Celsius Holdings became the official owner of Alani Energy Drink through its $1.8 billion acquisition, creating a combined entity with approximately 16% market share in the functional beverage space. The deal brings together two brands with minimal consumer overlap—only about 15%—allowing each to maintain distinct identities while sharing resources.


Alani Nu's success story illustrates how targeted branding can create extraordinary value. Katy Hearn identified an underserved market—women seeking better-for-you energy options—and built a billion-dollar brand in seven years.


Her approach of colorful packaging, fruity flavors, and health-focused messaging resonated with Gen Z and millennial women, demographics that traditional energy brands struggled to reach.


The financial metrics support the acquisition's strategic logic. At less than 3x Alani Nu's 2024 revenue of $595 million, Celsius secured a growing brand with 78% year-over-year retail sales growth. The expected $50 million in cost synergies over two years adds financial appeal to the deal.


Both brands benefit from this partnership. Celsius gains access to Alani Nu's loyal female consumer base and expands beyond beverages into protein bars and snacks. Alani Nu gains Celsius' distribution networks and international expansion capabilities, including existing presence in the UK, Ireland, France, Australia, and

New Zealand.


For consumers, Celsius has committed to maintaining Alani Nu's popular products while innovating new flavors and collaborations. The brands will continue serving their respective audiences while leveraging shared operational efficiencies.


The acquisition positions both companies to capitalize on the energy drink sector's projected 10% CAGR through 2029. With the combined platform targeting approximately $2 billion in annual sales, competitors now face a strengthened market player in the zero-sugar energy drink category.

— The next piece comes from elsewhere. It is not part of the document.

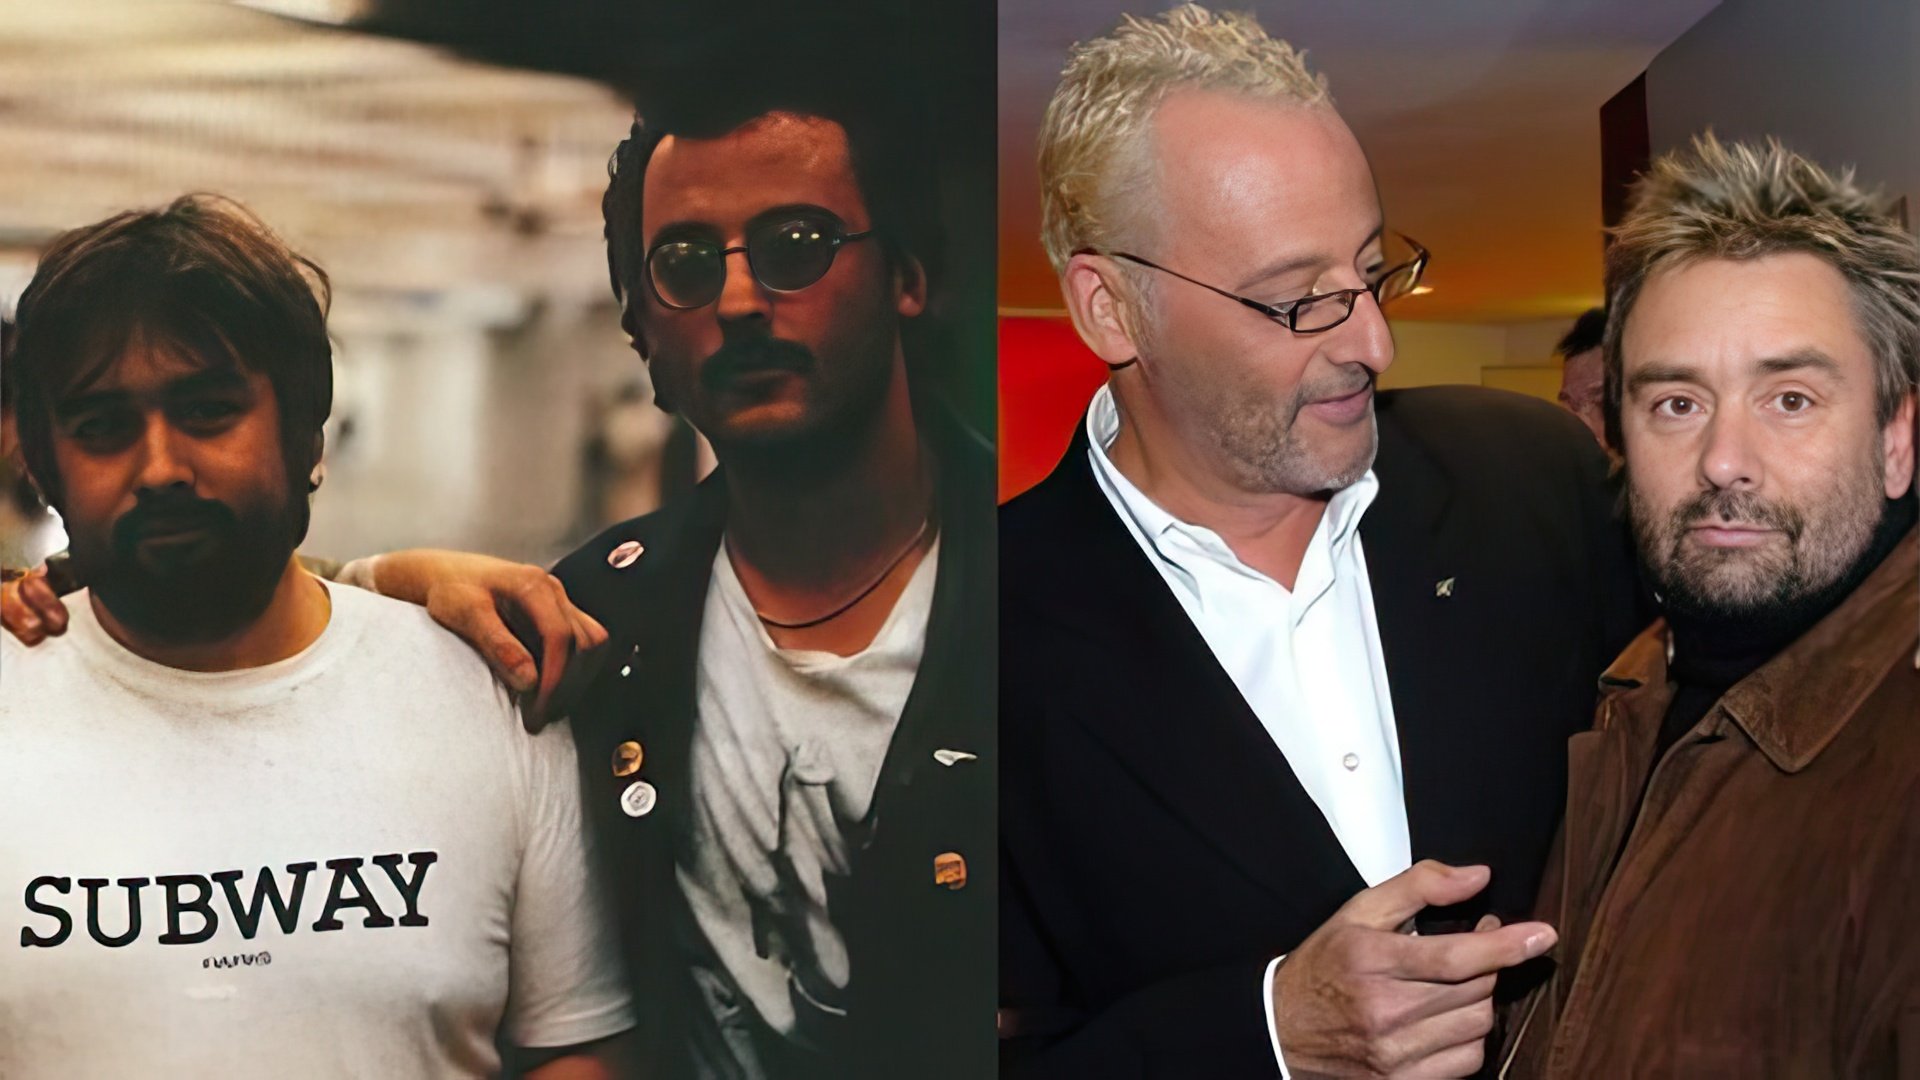 Jean Reno was lucky to meet the «right» film director ‒ Luc Besson

This merger demonstrates how authentic consumer connections and strategic brand positioning can build substantial value in the evolving beverage industry. The combined entity stands ready to meet changing consumer preferences for functional, wellness-focused beverages while maintaining the unique brand qualities that attracted loyal customers to each platform.


FAQs


Q1. Has Alani Nu been acquired by another company?

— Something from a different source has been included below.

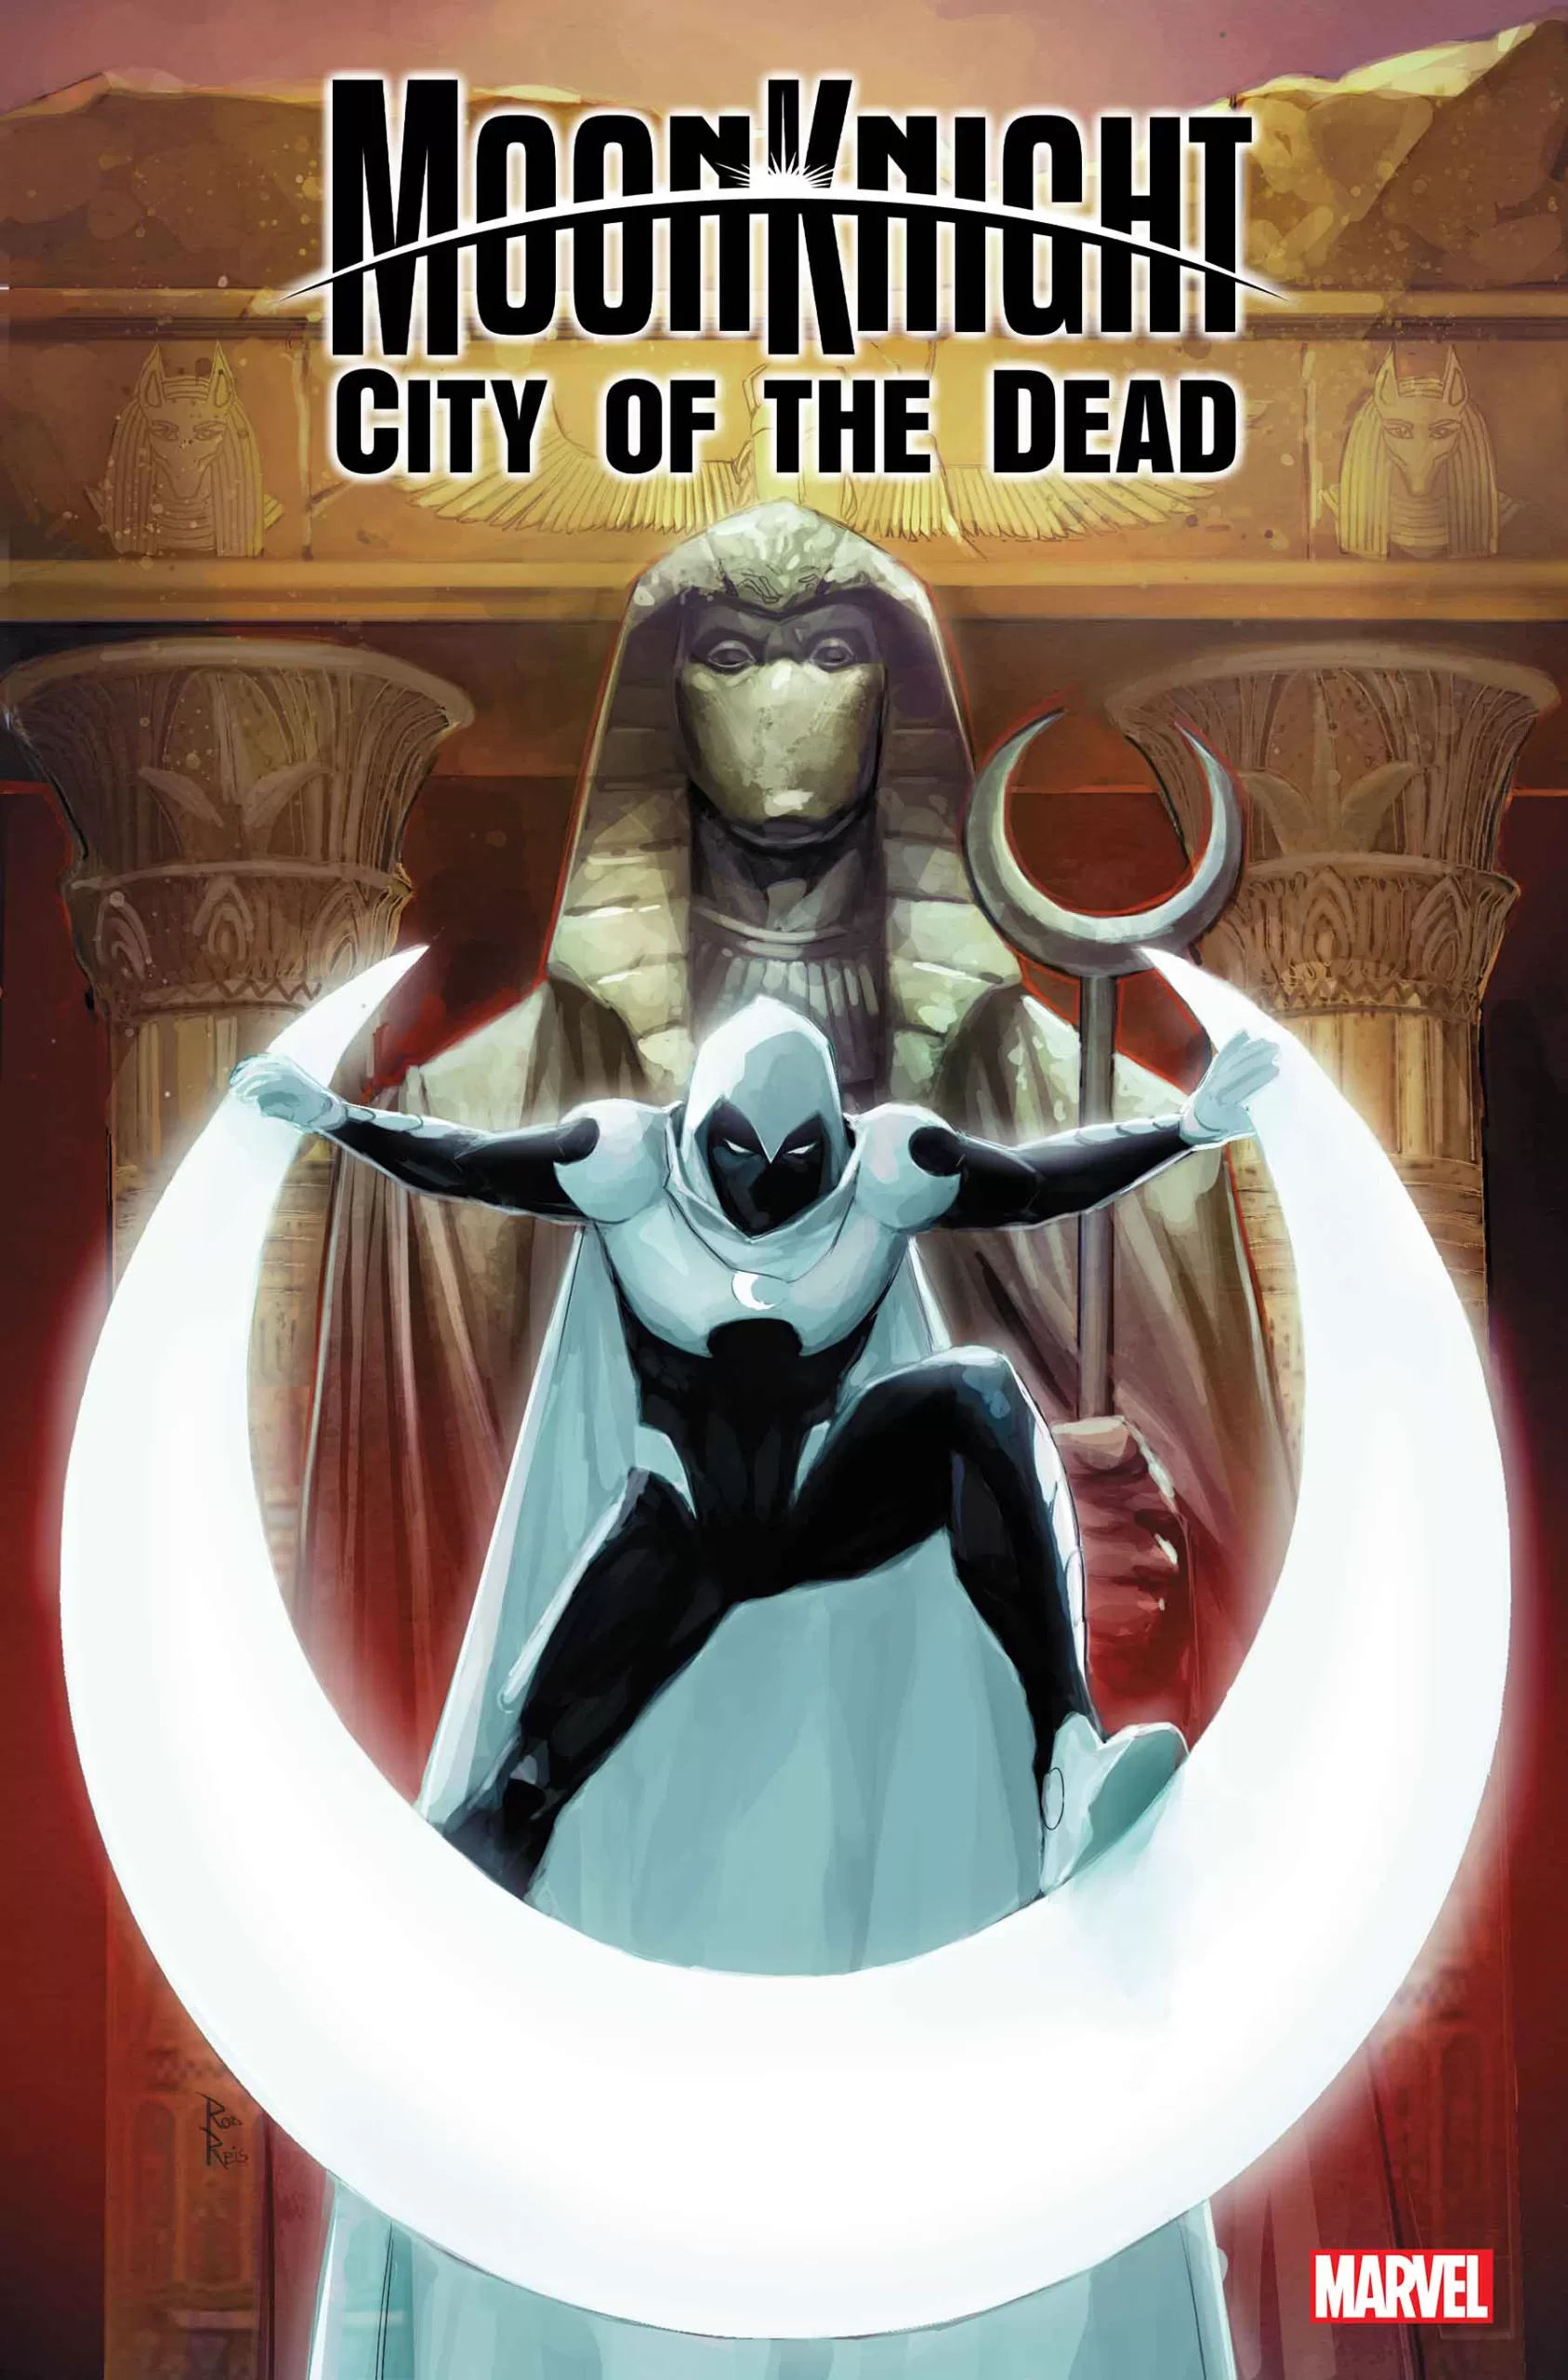 Moon Knight: The MCU's Scarlet Scarab to Make Marvel Comics Debut

Yes, Celsius Holdings, Inc. completed the acquisition of Alani Nu in April 2025 for $1.8 billion, including $150 million in tax assets.

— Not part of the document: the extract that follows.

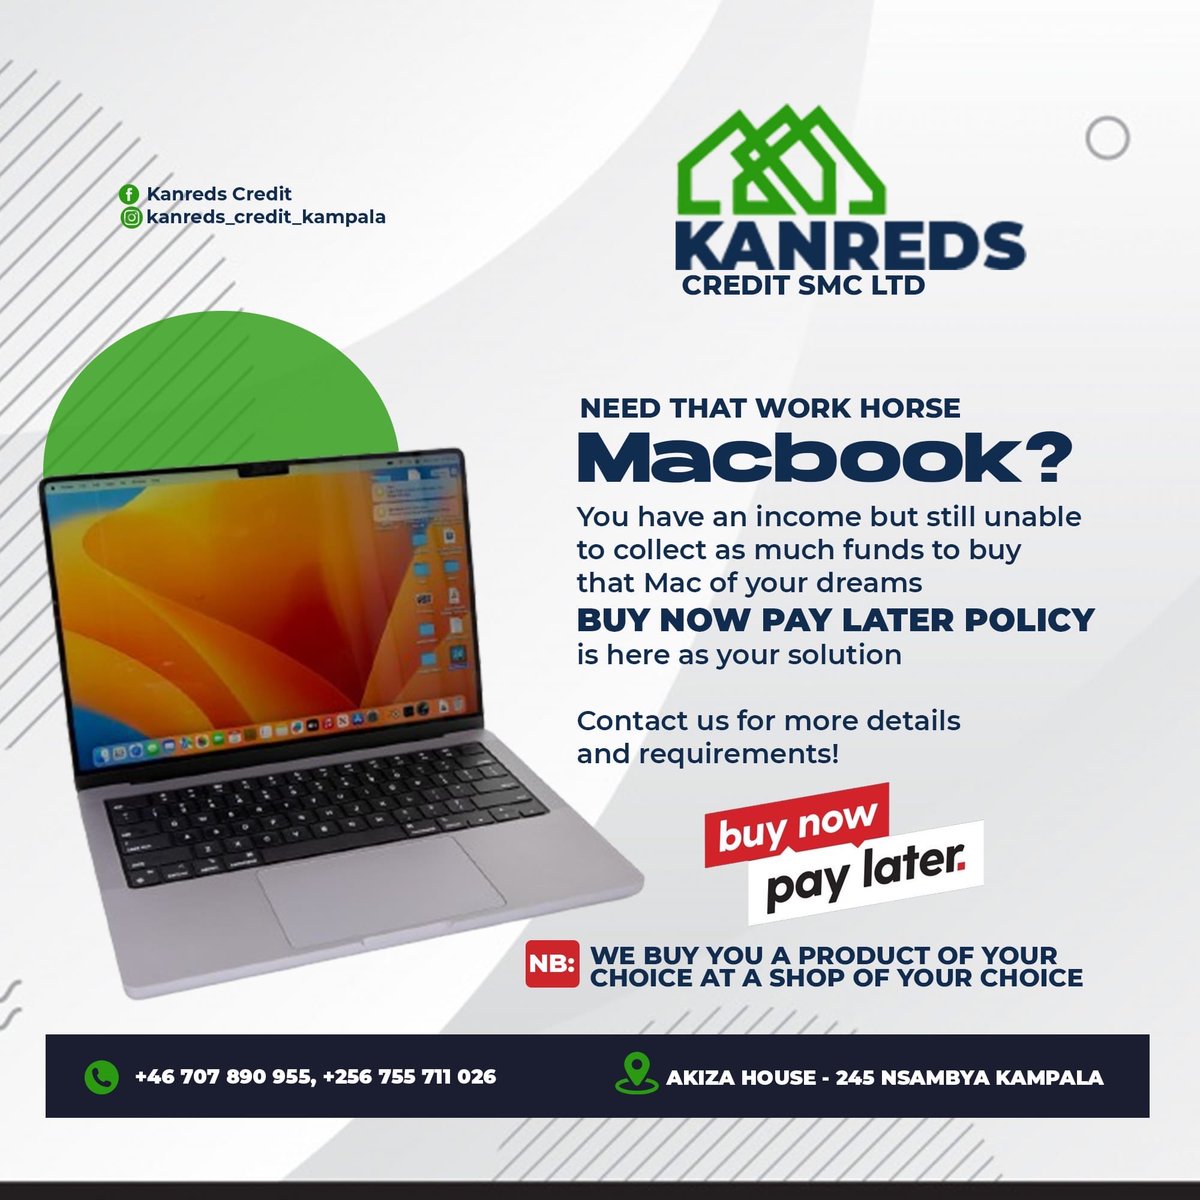 I'm considering purchasing a new MacBook laptop with #KanredsCredit's pay later policy. You can also buy anything you want on credit and pay later.😉

Q2. What is the current market position of Alani Nu after the acquisition?

Following the acquisition, Alani Nu and Celsius together command approximately 16% of the $23 billion energy drink market, creating a combined platform projected to drive about $2 billion in sales.


Q3. How did Alani Nu achieve such rapid growth in the energy drink market?

Alani Nu's success can be attributed to its focus on targeting women in the wellness and fitness space, effective use of social media marketing, and strategic retail partnerships with major retailers like Walmart, Target, and Costco.


Q4. Will Alani Nu's products change under new ownership?

Celsius has committed to continuing the production of Alani Nu's popular products while also innovating new flavors and collaborations. The brand is expected to maintain its distinct identity within the Celsius family.


Q5. What are the future growth prospects for Alani Nu under Celsius Holdings?

The acquisition positions Alani Nu for substantial global growth, leveraging Celsius' distribution networks and resources. The combined entity is well-positioned to capitalize on the energy drink sector's projected 10% compound annual growth rate through 2029.